Finally, in advance of the validation performed internally in the data, the model needs external validation to confirm the transportability of the results to all AYAs with BC [28]. In this respect, work is already ongoing to externally validate the model in similar cohorts of AYA BC survivors in six different areas of Italy (Veneto, Friuli-Venezia-Giulia, Tuscany, the Apulia regions, and two Sicilian provinces). Moreover, the plan is to extend this work to four additional European countries thanks to a pilot study nested in an international Joint Action, namely, The Innovative Partnership for Action Against Cancer Joint Action and Joint Action PreventNCDs.

5. Conclusions

It is expected that further improvement in the interpretability of the BN model will be obtained while enriching it with more clinical and biological variables. Additional information on both treatments (e.g., drugs and doses) and lifestyle risk factors (i.e., body mass index, systolic pressure, cholesterol levels, and smoking) has already been collected for the CBC. In addition, in the ROSANNA project, a work package is analyzing preoperative circulating microRNAs to identify those associated with CVDs in patients treated in the NeoALTTO trial (NCT00553358) [29]. The circulating microRNA(s) identified in this dataset will be confirmed on independent case series collected in the prospective phase II NeoGENE trial (as the testing dataset), a multicenter, academic Italian study aimed at profiling HER2-positive tumor tissues before and after conventional trastuzumab-based therapy with the aim of studying tumor tissue and the plasma biomarkers of the response to treatment. Finally, the results will be validated using RWD extracted from a single-institution clinical cohort at the INT. The feasibility of the integration of microRNA results will also be assessed during the last year of the project (2025).
To conclude, in this paper, we propose an effective and innovative AI approach that makes it possible to compensate for data scarcity to overcome the missing-not-at-random and selection bias issues, also combining domain knowledge together with data gathered from different cohorts.

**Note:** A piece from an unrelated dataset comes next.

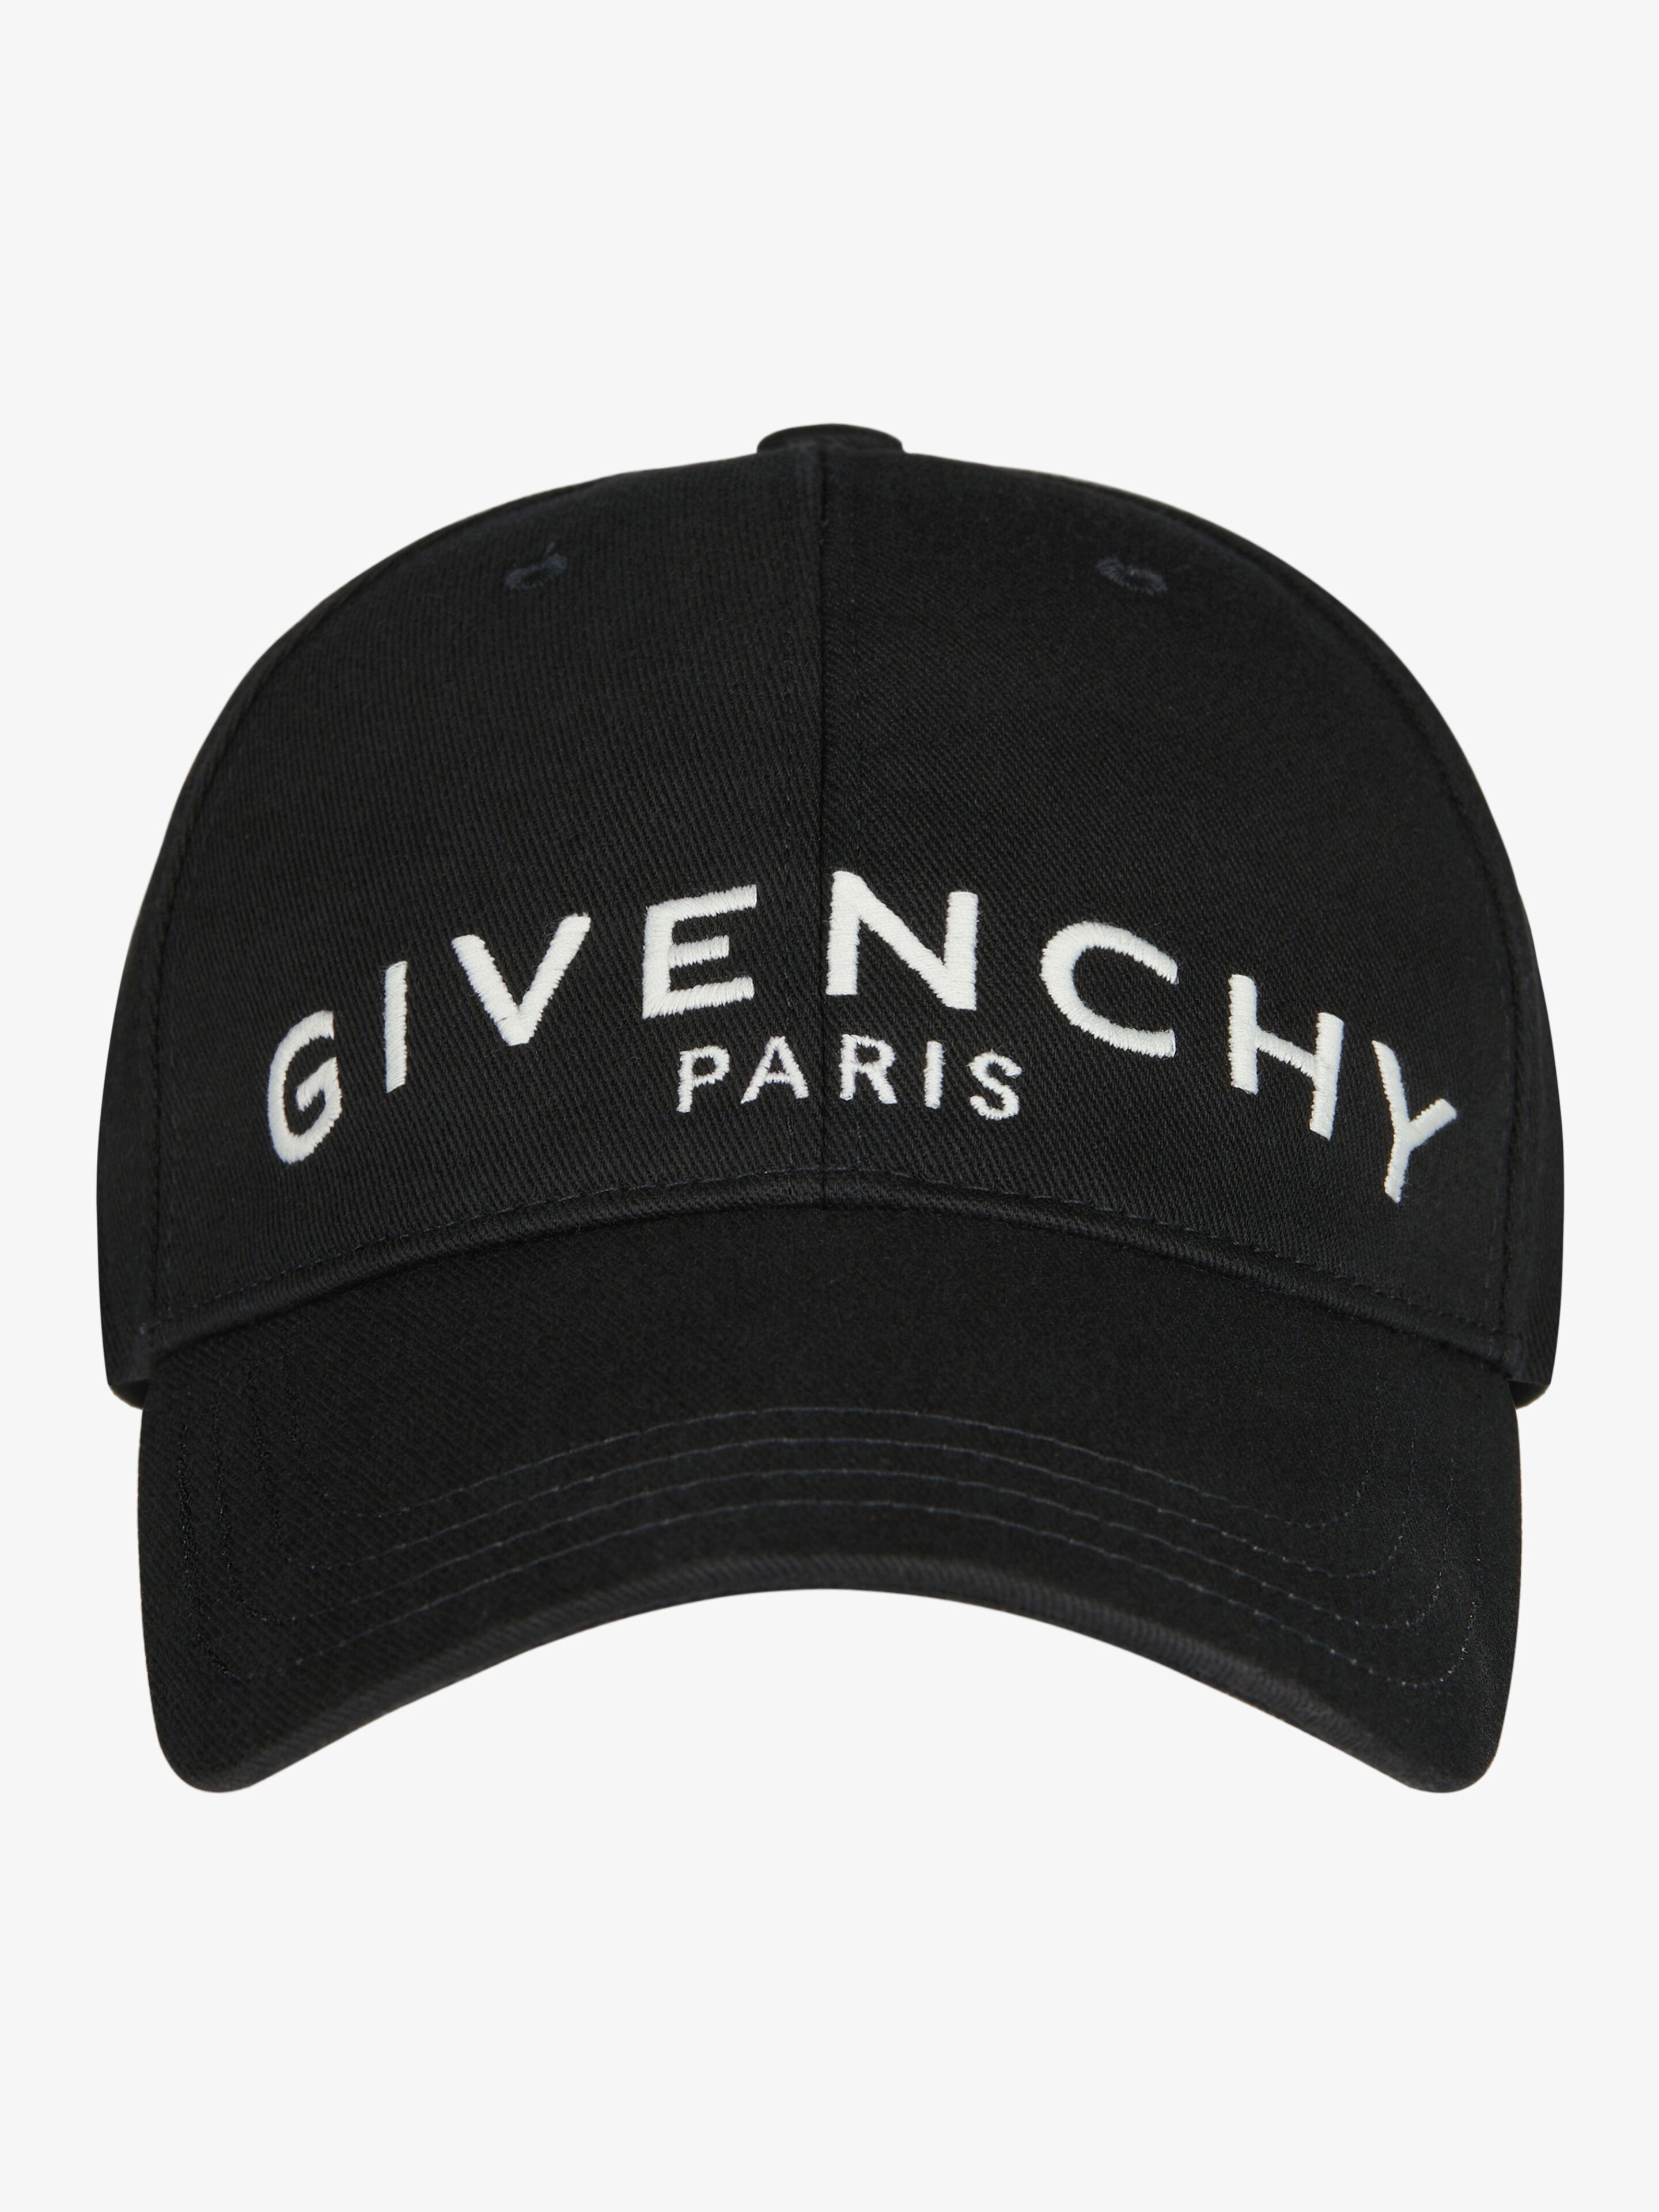 GIVENCHY PARIS EMBROIDERED CAP - 2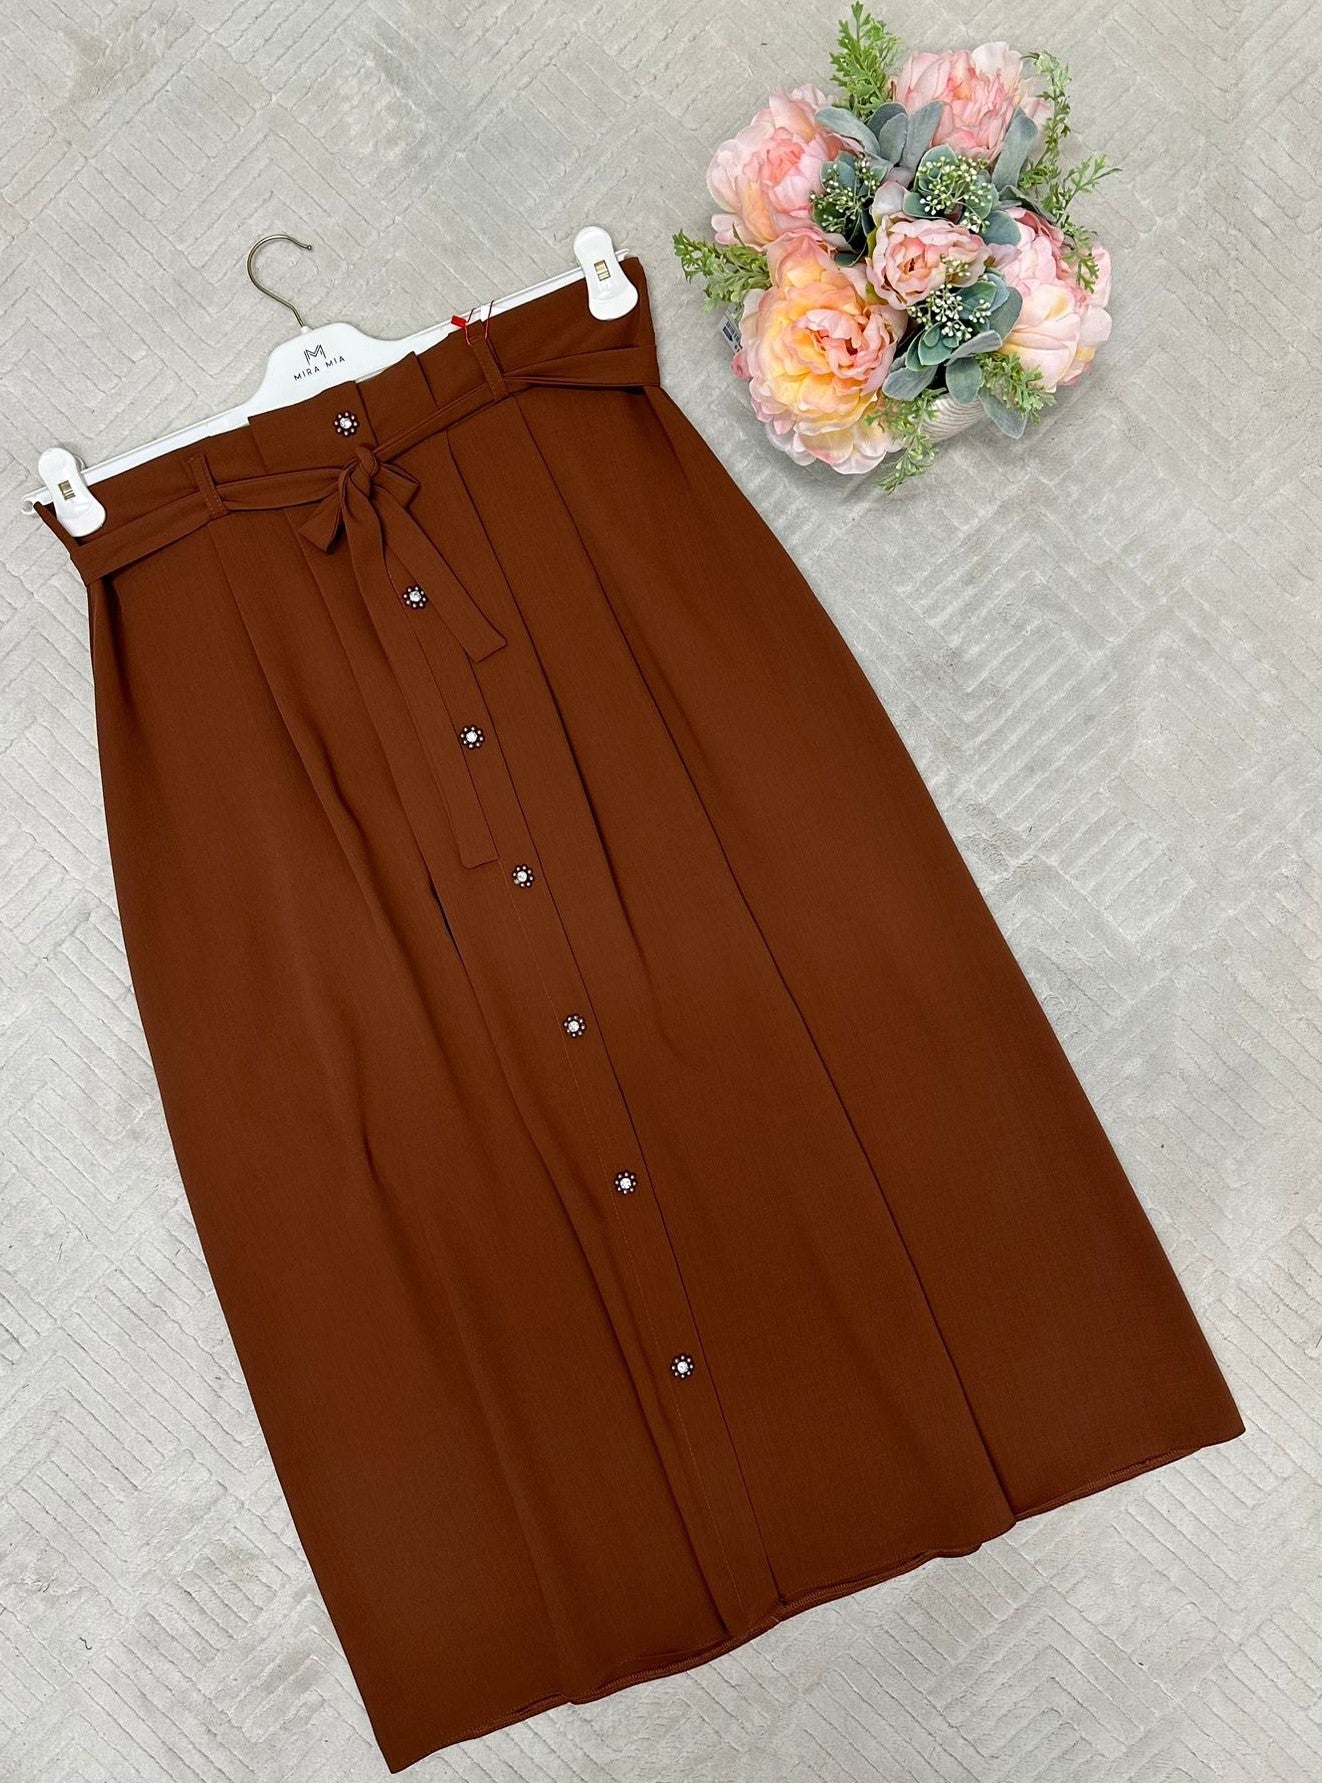 Simply pleated Wide Skirt with Belt (length 37 inch / 95 cm)

This work could be a useful use case for all researchers dealing with RWD and rare events who aim at identifying and causally explaining the long-term outcomes in chronic patients.

Supplementary Materials

The following supporting information can be downloaded at https://www.mdpi.com/article/10.3390/cancers16213643/s1, Table S1: Algorithms used to retrieve patients’ information in the administrative databases; Table S2: Absolute (N) and relative (%) distributions of the patients included in the analysis, by cohort type; Figure S1: Flow chart followed for the model development.

Author Contributions

Conceptualization, A.B. (Alice Bernasconi) and A.T.; data curation, A.B. (Alice Bernasconi), A.Z., M.C.D.S., E.L.R., P.B., I.C. and The Ada Working Group; formal analysis, A.B. (Alice Bernasconi); funding acquisition, S.D.C. and A.T.; investigation, A.B. (Alice Bernasconi) and A.T.; methodology, A.B. (Alice Bernasconi), A.Z., P.J.F.L., M.S. and F.S.; project administration, A.T.; resources, A.T.; software, A.Z., M.S. and F.S.; supervision, F.S.; writing—original draft, A.B. (Alice Bernasconi) and A.T.; writing—review and editing, A.B. (Alice Bernasconi), A.Z., P.J.F.L., M.S., S.D.C., M.C.D.S., E.L.R., P.B., I.C., P.V. (Paolo Verderio), C.M.C., S.P., A.B. (Adriana Blanda), P.P., P.V. (Paola Vallerio), F.S. and A.T. All authors have read and agreed to the published version of the manuscript.

Funding

The research leading to these results has received funding from AIRC under IG 2020—ID. 24864—P.I. Trama Annalisa.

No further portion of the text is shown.